Vision-Language Models (VLMs) have achieved remarkable progress in multimodal reasoning tasks through enhanced chain-of-thought capabilities. However, this advancement also introduces novel safety risks, as these models become increasingly vulnerable to harmful multimodal prompts that can trigger unethical or unsafe behaviors. Existing safety alignment approaches, primarily designed for unimodal language models, fall short in addressing the complex and nuanced threats posed by multimodal inputs. Moreover, current safety datasets lack the fine-grained, policy-grounded reasoning required to robustly align reasoning-capable VLMs. In this work, we introduce {MSR-Align}, a high-quality Multimodal Safety Reasoning dataset tailored to bridge this gap. MSR-Align supports fine-grained, deliberative reasoning over standardized safety policies across both vision and text modalities. Our data generation pipeline emphasizes multimodal diversity, policy-grounded reasoning, and rigorous quality filtering using strong multimodal judges. Extensive experiments demonstrate that fine-tuning VLMs on MSR-Align substantially improves robustness against both textual and vision-language jailbreak attacks, while preserving or enhancing general reasoning performance.
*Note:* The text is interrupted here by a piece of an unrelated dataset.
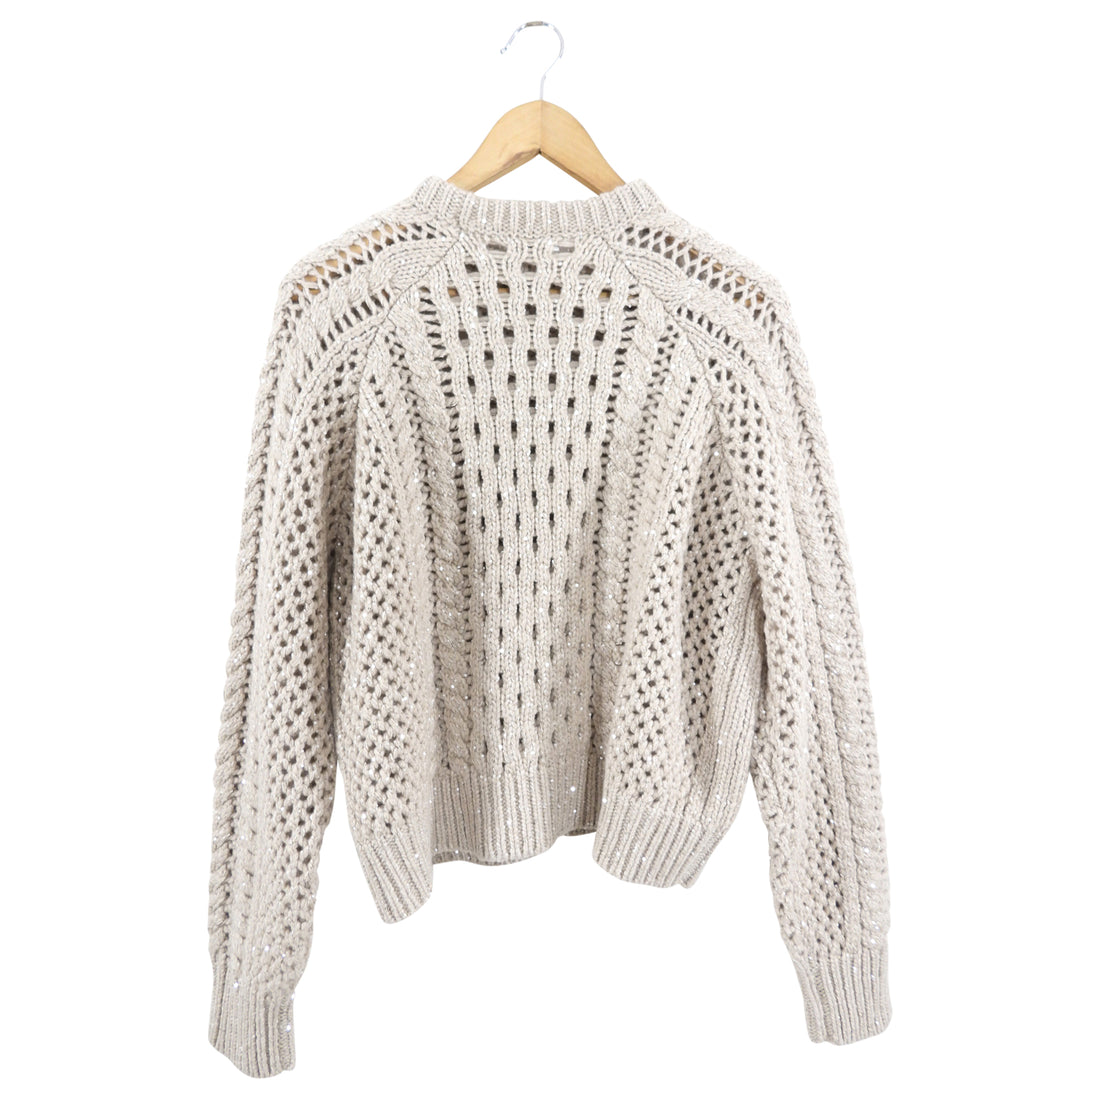 Brunello Cucinelli Beige Open Knit Cashmere Sequin Sweater - S (4/6)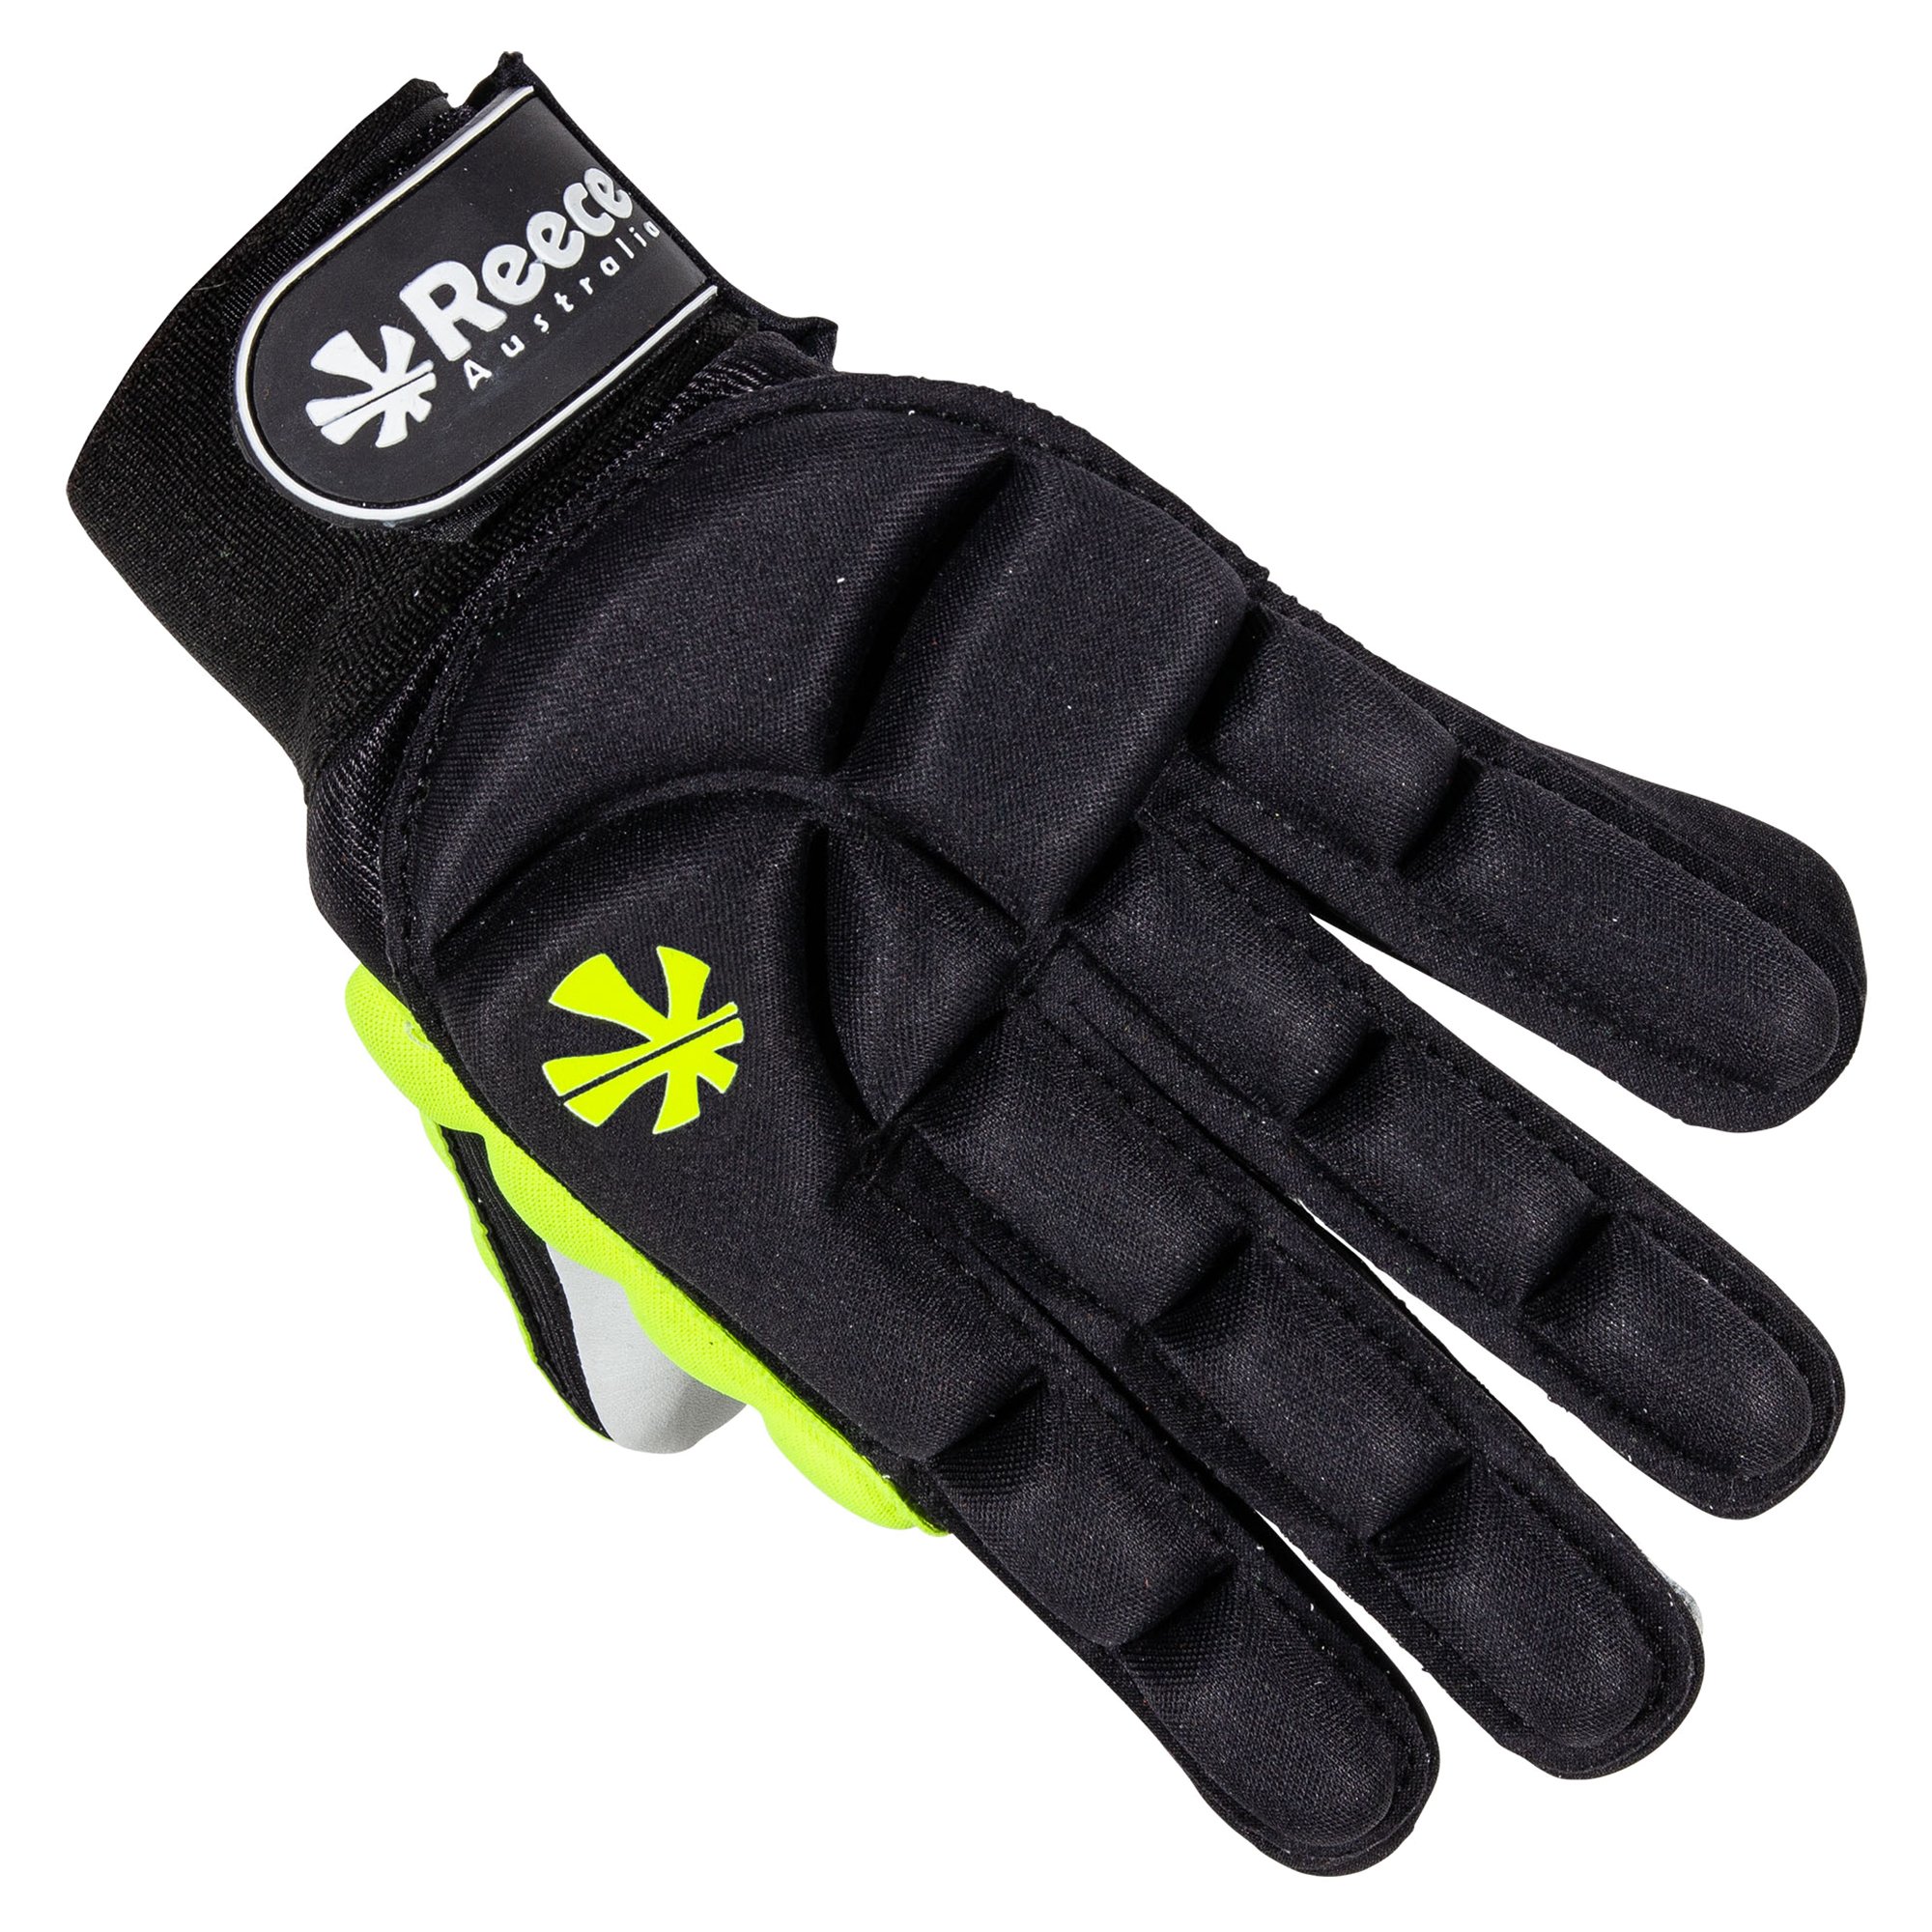 Reece Australia Force Protection Glove Slim Fit

MSR-Align provides a scalable and effective foundation for advancing the safety alignment of reasoning-capable VLMs. Our dataset is made publicly available at https://huggingface.co/datasets/Leigest/MSR-Align.

Paper Structure

This paper contains 30 sections, 2 figures, 2 tables.

Figures (2)

  • Figure 1: Distribution of safety-relevant categories in the MSR-Align dataset. The pie chart illustrates the proportion of data samples across 20 different risk areas, including dangerous behavior (three subcategories), psychological harm, environmental damage, and more, reflecting the dataset’s comprehensive coverage of multimodal safety concerns.
  • Figure 2: Overview of the pipeline. The system consists of four key stages: (1) Data Collection, which gathers image-instruction pairs across 20 risk categories; (2) Policy-Grounded Multimodal Reasoning, where GPT-4o generates chain-of-thought (CoT) rationales and safe responses based on policy constraints; (3) High-Quality Data Filtering, which evaluates the outputs based on safety, policy alignment, coherence, and fluency; and (4) Safety Alignment, where the filtered data is used to fine-tune an unsafe model into a safe one through supervised fine-tuning (SFT).